The pain from the sequester — those automatic federal spending cuts triggered because Congress can’t pass a budget — is being felt.
Hundreds of thousands of federal employees will take a pay cut, including about 750,000 at the Pentagon alone.
States are looking at closing Head Start programs for needy children.
The White House has furloughed 480 people.
Lawrence Municipal Airport will lose its control tower in June.
New Hampshire will lose millions in federal aid for everything from education to environmental protection.
But one group is curiously absent from the pain — the very group creating the mess because they aren’t doing their jobs. Members of Congress won’t take a pay cut because their pay is exempted from the sequester.

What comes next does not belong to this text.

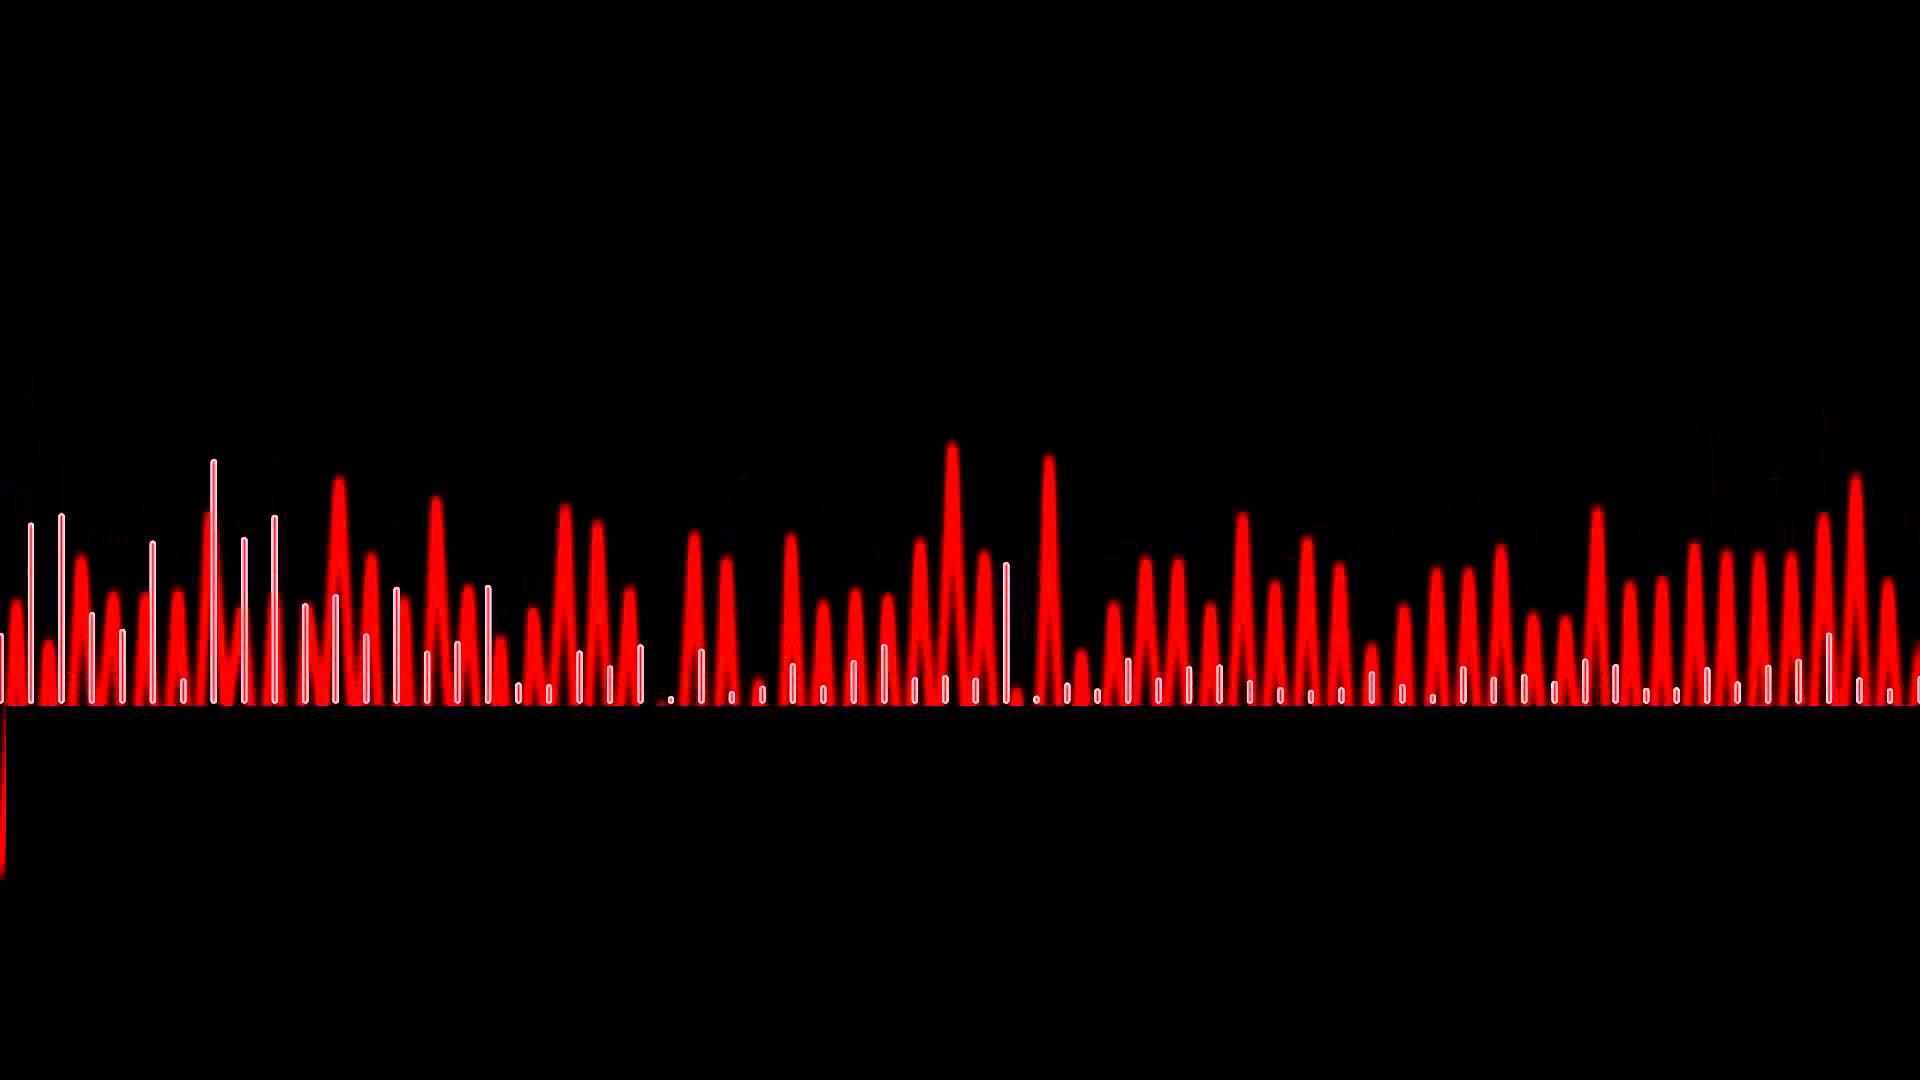 SoundCloud Wallpapers - Top Free SoundCloud Backgrounds

Under a Reagan-era law — when the sequester idea was first introduced — certain spending is exempt from automatic cuts, including, reasonably, Social Security, interest on the debt and Pell grants. But it also protects the pay of members of Congress and the president. (President Obama announced that he’d return 5 percent of his pay during the sequester.)
Congress could vote to cut its own pay, although by law the cut wouldn’t take effect until after the next election. Of course, there is nothing stopping all members from giving 5 percent of their pay to a charity or back to the federal treasury.
At the very least, the leadership in both chambers needs to take a cut for failing to get a budget through Congress.
The fact that Congress isn’t sharing in the fiscal pain it has caused is by no means the most egregious, or costly, spending that is being continued during sequestration.
Congress passed a stop-gap spending measure that preserves $380 million to finish development of a missile that doesn’t work and the Pentagon says it won’t buy.